Physics-guided deep learning for global sea surface temperature forecasting: Balancing accuracy and stability across timescales
Shiji Dong , Yan Li , Xiaobin Yin , Qing Xu , Peng Mao
Geoscience Frontiers ›› 2026, Vol. 17 ›› Issue (2) : 102255
Accurate sea surface temperature (SST) forecasting across multiple timescales remains challenging. Daily forecasting frequently relies on autoregressive models prone to instability and over-smoothing, whereas monthly forecasting suffers from sparse data and the complex dynamics of ocean systems. Existing deep learning methods struggle to address these diverse challenges simultaneously. We introduce SSTFormer, a novel physics-guided deep learning framework that achieves leading results, with root mean squared error of 0.17 °C for daily forecasts and 0.60 °C for monthly forecasts, yielding lower bias and improved spatial coherence. The model’s core innovation is its unified and flexible architecture.

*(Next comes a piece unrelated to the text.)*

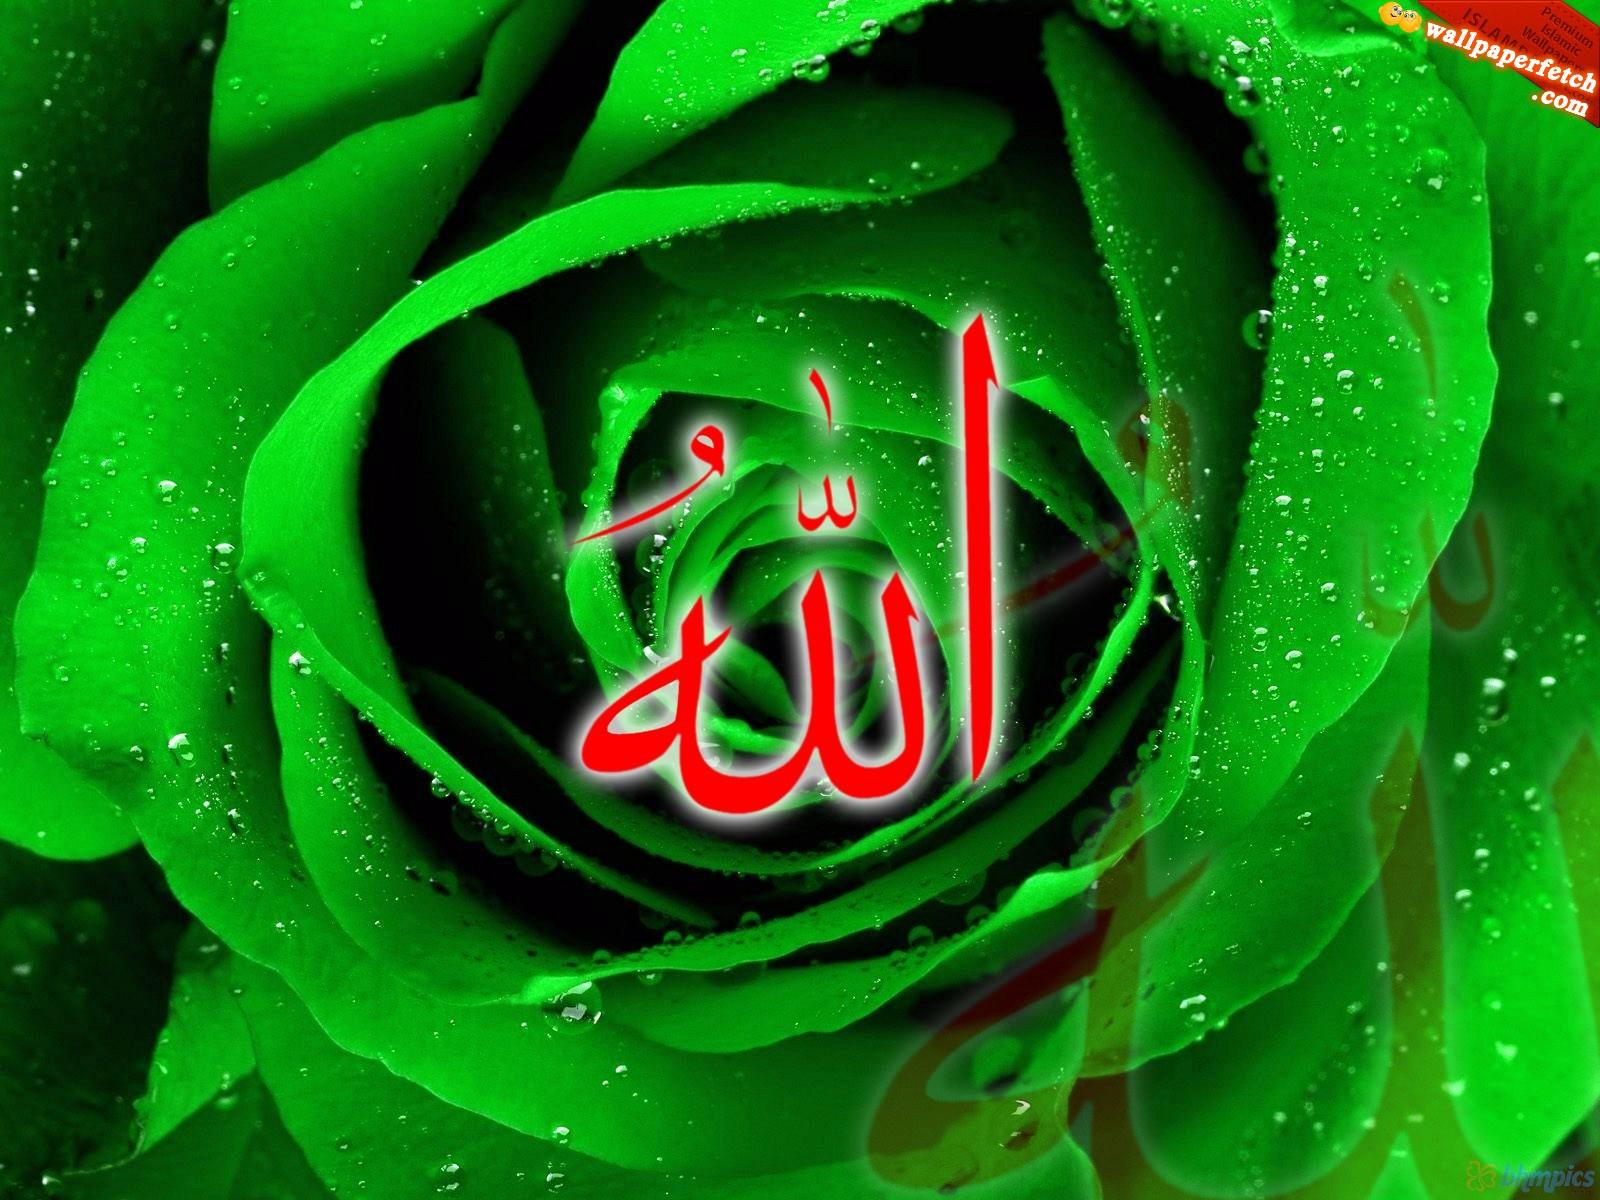 http://2.bp.blogspot.com/-VKIsRcoaGGs/T8pn3tGMh2I/AAAAAAAAPTw/4WZgoFg0Pb0/s1600/red-allah-wallpaper-amazing-green-rose.JPG

For multi-step daily forecasts (1-15 days), it deploys as a ‘‘two-phase sequential ensemble” that replaces conventional autoregression and uses ocean current to solve instability and mitigate error accumulation. For single-step monthly forecasts, it is used in a direct forecasting configuration, proving effective at handling ‘‘sparse data” and ‘‘complex ocean dynamics.” SSTFormer demonstrates how a single architecture, through flexible deployment, can address the unique challenges of multi-scale SST forecasting, highlighting its potential as a unified and robust framework.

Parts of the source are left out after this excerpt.